飲料のキャラクターを考案する企画で、そのコンセプトを中学生にプレゼンするのですが、ウケが悪かった時は必ず「よく分かりませんでした」という感想になったんだとか。企画側は、意図を完全に理解しているので「なんで、分からないんだ!!」とイライラするのですが、伝わらなければ意味がない。
つまり、面白いとは「分かり易いこと」が大切なんです。
本書で出てくる、このキャッチコピーを読んでみましょう。
「試着室で思い出したら、本気の恋だと思う。」
面白いって何なんすか!?問題 センスは「考え方」より「選び方」で身につく
このキャッチコピーを読んで、どんなことを思い浮かべたでしょう?「これを着たら、あの人に褒めてもらえるかな?」と不安や期待を抱えながら、お店で服を試着している様子が思い浮かぶのではないでしょうか。
多くの人がもっている経験から、情景を想起させられれば、心の深い部分で「確かに〜〜!!」と思わせるような、分かり易い文章になります。上のキャッチコピーであれば「試着室」という言葉が、共感を呼び起こすキーワードになっています。
たくさんの商品の中で「これは面白い!」というものには、共通点があります。それは「似ていないこと」。斬新な発想だったり、巧妙な手口だったり、他と似ていないものは「面白い!」と感じやすい。
例えば、マーカーペンを考えてみます。多くの商品が、見た目のデザインやインク速乾性、色数の豊富さをアピールする中で「消せるマーカーペン」というのは斬新な発想ですよね。この、痒いところに手が届いた発想で「フリクション=消せるマーカーペン」として差別化でき、メジャーな商品になったわけです。
著者の井村さんが、TCC賞という広告賞の審査員をした際、賞を受賞するのはやっぱり「似ていないもの」だったのです。同じジャンルの商品 CM(例えば、全種類のビール CM)を連続で見ていると、テレビで見たときは気付かなかったけど、意外とどれも似ている。じゃあ、どれに投票しよう?となった時に、一番「似ていないもの」に、投票が集まるのです。

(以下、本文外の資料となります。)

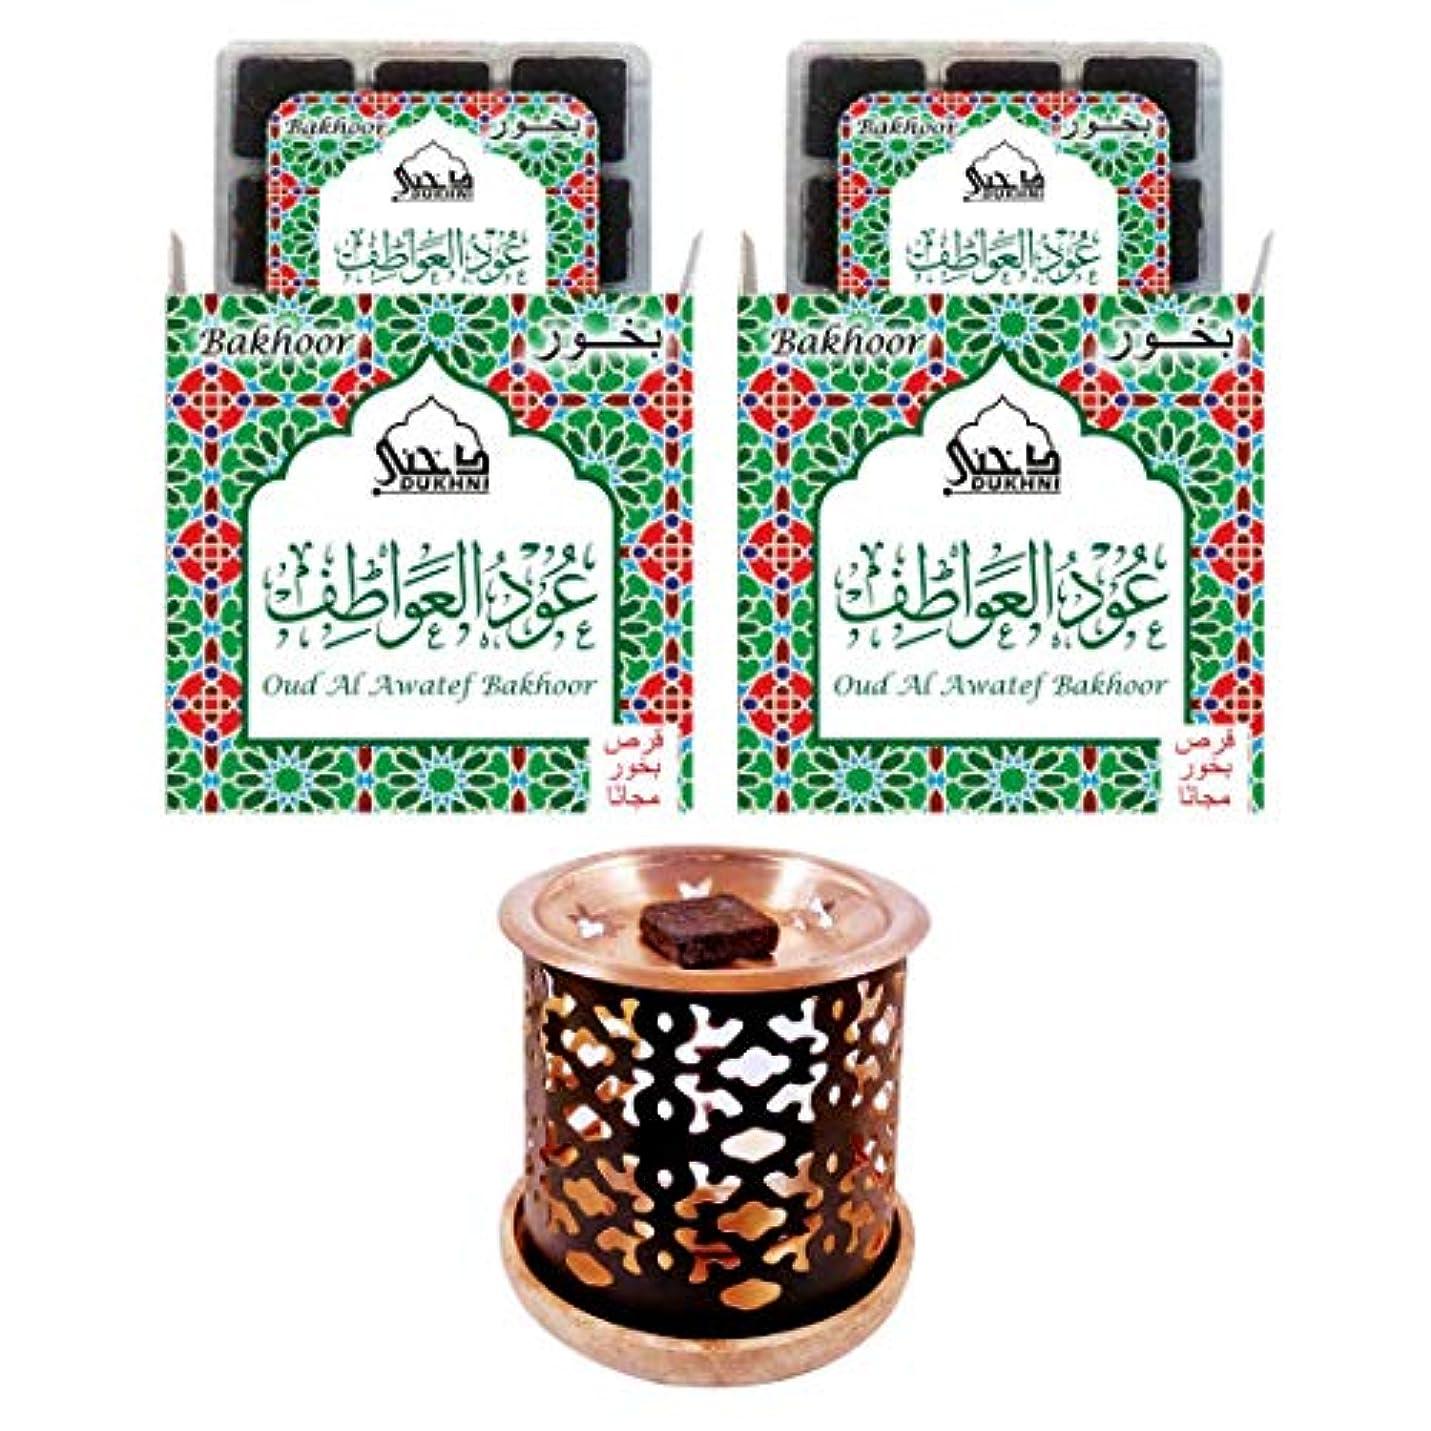 Dukhni DUK-Oud Al Awatef Bakhoor (M) + スノーフレーク エキゾチックな香炉 燃焼

「面白いとは『似てないこと』なので、斬新な発想をしましょう!」
と言われても、クリエイターの誰しもが「斬新な発想が、ポンポン浮かぶなら苦労しないよ!」と思っているでしょう。「誰でもできる ”面白い” の方程式!」というのはありませんが、近道はあります。
それは、似ていないものを「選ぶ」という意識です。
「選ぶ」の大切さがわかるエピソードを紹介します。
著者の井村さんが広告学校の教師時に、生徒さんらが卒業制作そしている時のことでした。締切まで近いというのに、キャッチコピーが決まらずに切羽詰まっていた生徒さんがいたそうです。
その生徒さんの考えてきたキャッチコピーたちを見て、井村さんは「他人と似ているものが多い」と感じたそう。しかし、そのキャッチコピーの中で「ダンボール」という単語が、井村さんの目を引いたのです。
たくさんの生徒の中で「ダンボール」という言葉をキャッチコピーに入れていたのは、彼1人。「ダンボール」という単語で発想を広げれば、良いものができるのではないか、とアドバイスしたのです。結果、思いがけずプレゼンで優勝!井村さんも、生徒さんも驚きの結果となったのでした。
つまり、たくさんのアイデアの中から、自分しか思いつかなかった「単語」や「切り口」を見極めて選び出すことが、とても大事ということなんです。
なので、「面白く」するためには、まずアイデアを書き出して散らして、その中から吟味して「選ぶこと」を意識してみましょう!
まとめ
- 面白いものは「分かり易い」
- 面白いものは「他と似ていない」
- アイデアの中から、似ていないもの「選ぶ力」が重要
今回は、井村光明さんの書籍「面白いって何なんすか!?問題 センスは「考え方」より「選び方」で身につく」を参考に、”面白い” の3要件について紹介していきました。
面白いの3要件を見て「当たり前じゃない?」と、感じることも多かったのではないかと思います。しかし、この3要件を意識して、自分の企画や文章を見直すことで、「面白くない部分」を削ぎ落とすことができます。
ぜひ「これは面白いのか?」と確認する時に、今回紹介した内容を活用してみてくださいね!
本書では、井村さんの魂の叫びと共に、より具体的な情景が描かれているので、気になった方はぜひ一読してみてくださいね。